Wait, are you the guy whose Musicbrainz titles are constantly replacing my carefully- and properly-punctuated ones every time I sync? I beg you to reconsider.
What input method are you using such that this is even possible? Nearly all English speakers are using keyboards with a single apostrophe key which inserts \x27, and could not insert any of the other quote characters even if they wanted to. As a result, nearly all extant English-language text uses \x27 for both apostrophes and single quotes, and all this Unicode prescriptivism is describing a convention that is clearly not the one that English actually follows.
> What input method are you using such that this is even possible?
ibus. In my X settings the physical Caps Lock key is turned into Compose, and then I can easily type ‘ with Compose <' (and vice-versa), ’ with Compose >' (ditto), “ with Compose <" (ditto), ” with Compose >" (ditto), ß with Compose ss, þ with Compose th, Þ with Compose TH, æ with Compose ae, Æ with Compose AE, … with Compose .., — with Compose ---, – with Compose --. and so forth.

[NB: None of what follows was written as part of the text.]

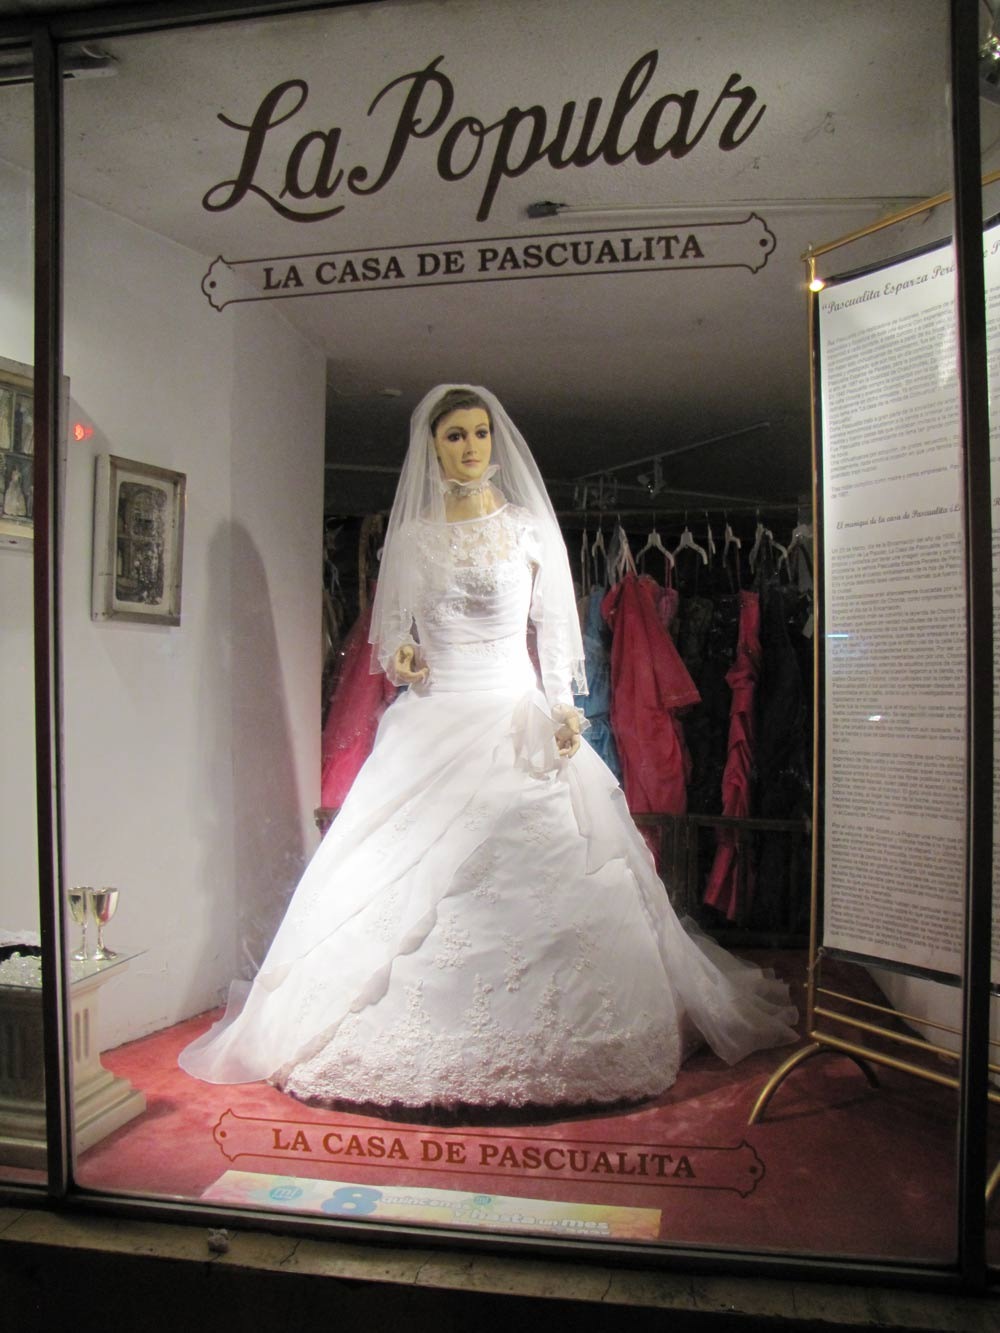 Паскуалита рекламирует одежду знаменитого свадебного салона с 1930 года

https://github.com/kragen/xcompose offers an excellent XCompose file with over a thousand wonderful Compose mappings. Highly recommended!
There is also a third which is often used, U+2019:
> The Unicode character ’ (U+2019 right single quotation mark) is used for both a typographic apostrophe and a single right (closing) quotation mark.[1] This is due to the many fonts and character sets (such as CP1252) that unified the characters into a single code point, and the difficulty of software distinguishing which character is intended by a user's typing.[2] There are arguments that the typographic apostrophe should be a different code point, U+02BC modifier letter apostrophe.[3][better source needed]
> The straight apostrophe ' (the "ASCII apostrophe", U+0027 ' apostrophe) is even more ambiguous, as it could also be intended as a left or right quotation mark, or a prime symbol.